Небольшая четырехструнная гитара, которая всем своим видом говорит о гавайской музыке, без конца повторяла одно и то же нежное утешение, а дети, бегая туда-сюда, кричали, как птицы, и их тоже приманивали обратно своими криками птицы. День выдался, будто славное дружное семейное воскресенье.
Вместе со всеми Теллертон заплатил в кассу за билет и вошел в субтропический сад. У сходен стоял Джо, помогая туристам подняться на борт.
— Привет! Алоха! — повторял он.
Каждой даме дарили пластиковый цветок гибискуса. Люди сегодня толпились до полудня, и очередь тянулась до самого корабля. А в дальнем конце стоял толстоватый пожилой господин с прекрасными глазами, господин, одержимый беспокойством и пытавшийся привлечь к себе внимание Баунти-Джо.
— Привет! — воскликнул Джо. — Алоха! Все о'кей?
Когда же Тим Теллертон слегка улыбнулся, Джо узнал его и еще раз произнес:
— Привет! Какая нынче прекрасная воскресная погода!
Мало-помалу великолепный день склонился к вечеру, и белые шлюпки возвращались обратно, лавируя у входа в гавань. В нужное время на корабле зажглись огни. Люди постепенно исчезали — кто наверху, в самом Сент-Питерсберге, кто в Тампе, или в Сарасоте, или же далеко-далеко в этой громадной стране. Они садились в свои машины и пускались в путь. Сент-Питерсберг же снова становился тихим, беззвучным городом.
Когда Тим Теллертон вернулся обратно в «Приют дружбы», принял ванну и лег отдохнуть, он озабоченно подумал о том, что кому-то следовало бы помочь юноше, что стоит возле «Баунти», побеседовать с ним, попытаться дать ему понять: время не бесконечно. Оно течет быстро, все быстрее и быстрее. Он, этот юноша, должен бояться быстротекущего времени и найти себе преисполненную смысла работу. Тим Теллертон знал, что ничто столь незаметно-расточительно не бросается на ветер, как красота, редко, впрочем, возвышенная до подлинной своей ценности, покуда она в расцвете, а позднее удерживаемая с помощью чрезмерных усилий и отчаяния.

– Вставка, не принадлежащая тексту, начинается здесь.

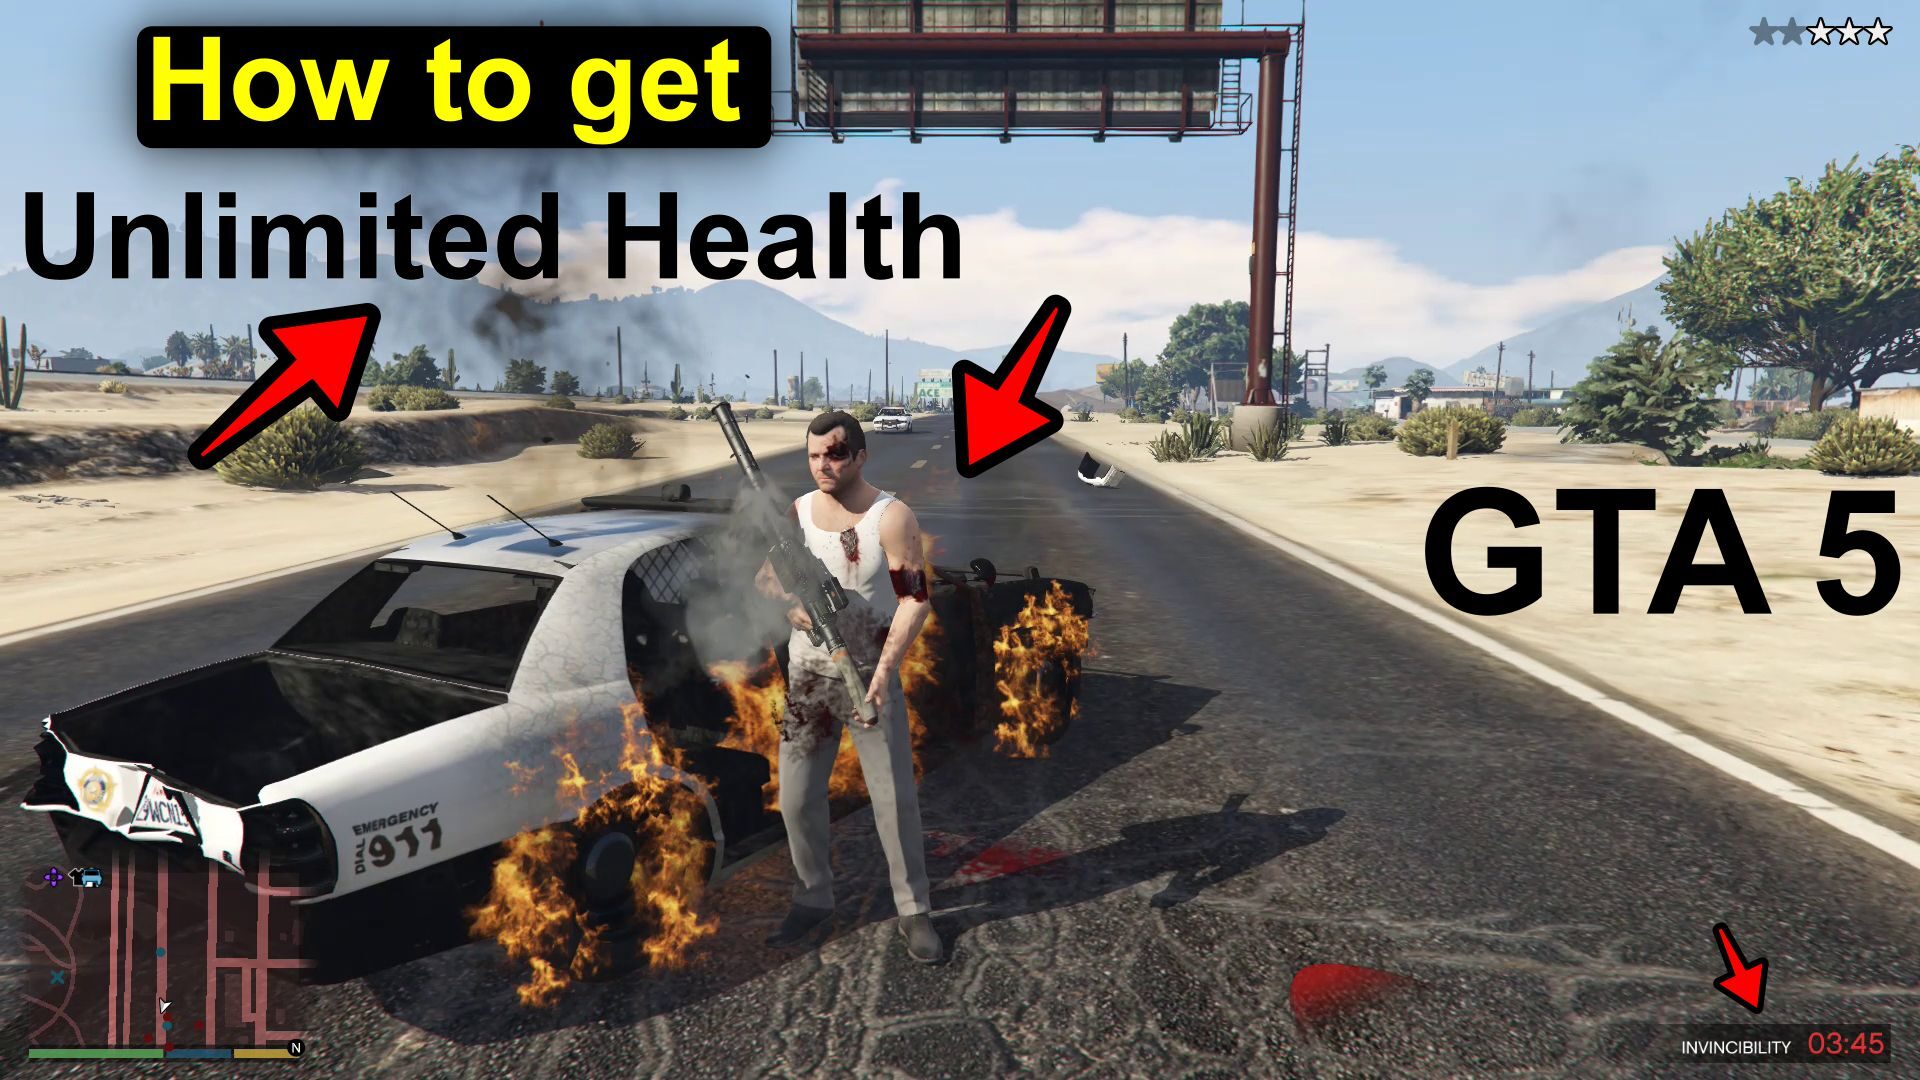 how to get unlimited health in GTA 5 - All Simple ways

Расточительство — бессмысленное и бесперспективное — печалило его. Всю свою жизнь держался он на расстоянии от благополучных, но ненадежных высоких постов, фейерверков и тех преувеличенных выражений чувств, что не страдают избытком достоверности. А выказывают их прежде всего ради того, чтобы заставить время идти так, словно оно никакой ценности не представляет. Собственное его время — остановилось.

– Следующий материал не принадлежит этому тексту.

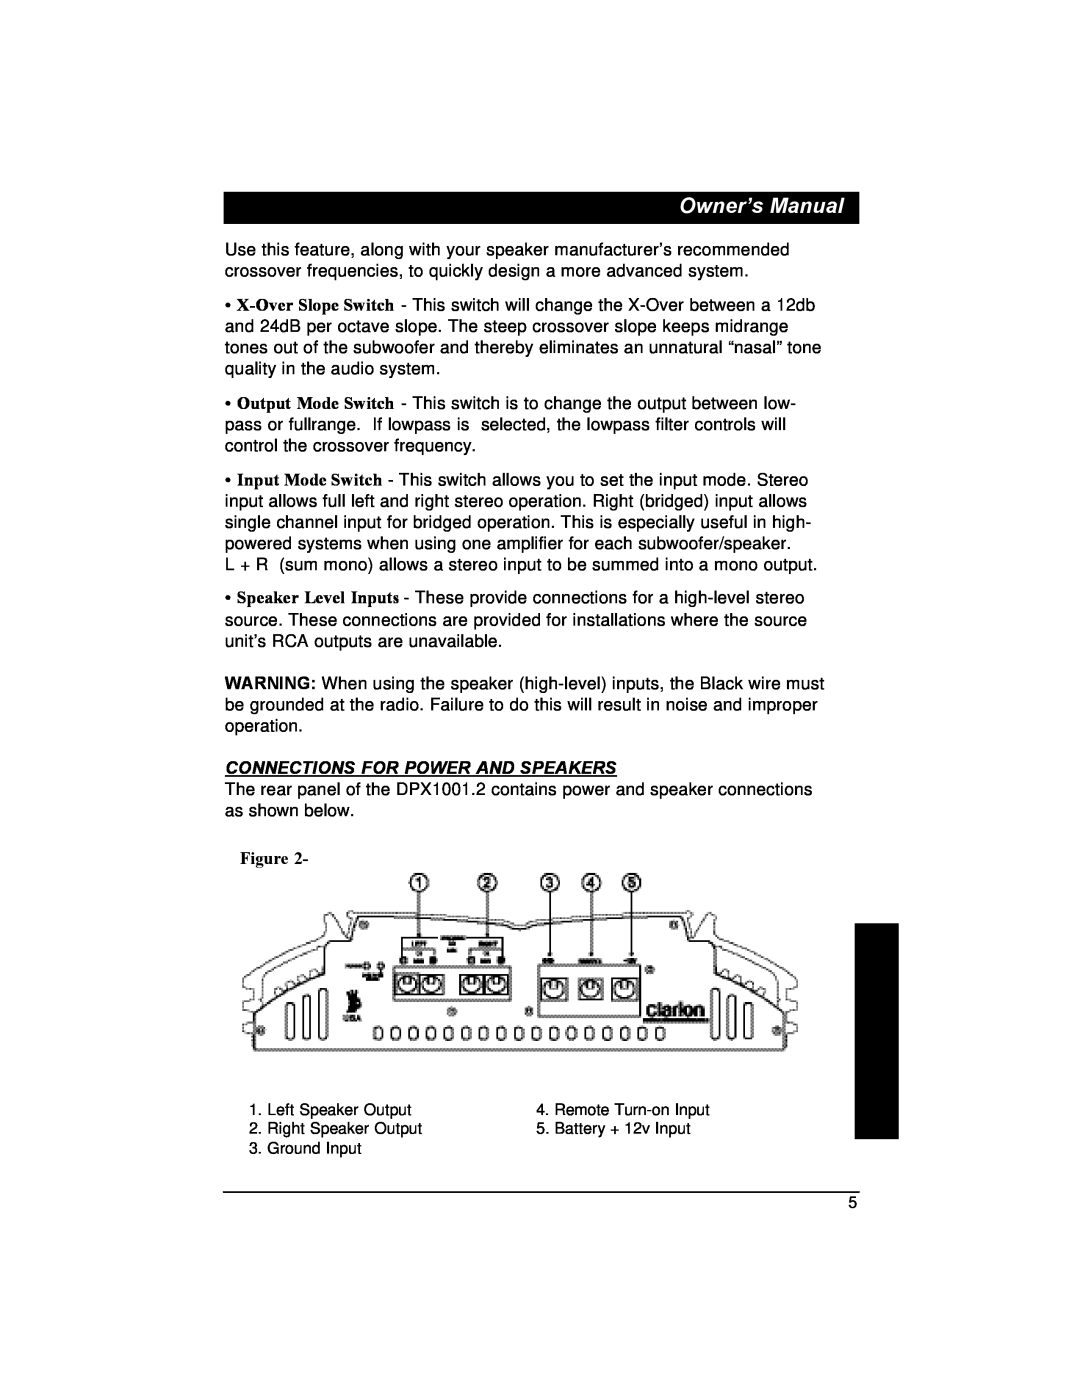 Clarion DPX1001.2 installation manual Connections For Power And Speakers

Когда же он сомкнул глаза, к нему явились картины, вернее то, что он называл картинками, мрачные и ничуть не осложненные выразительными деталями, к нему явилось все утраченное, недостижимое… быстрой чередой промелькнули перед ним все комнаты его жизни — одна за другой, номера в отелях и тамошние лестницы, и запертые двери… комната за комнатой, и все — такие молчаливые…
Он попытался думать о людях, бродивших в воскресенье по пирсу, и о себе самом в центре этой толпы. «Беззаботный и приветливый день в прекрасную погоду! Люди не знали, кто я, это знал лишь единственный из них. Мне хотелось бы помочь ему, но все стало так трудно объяснять, все, что я говорю, либо не принималось, либо отвергалось только потому, что было сказано старым человеком…»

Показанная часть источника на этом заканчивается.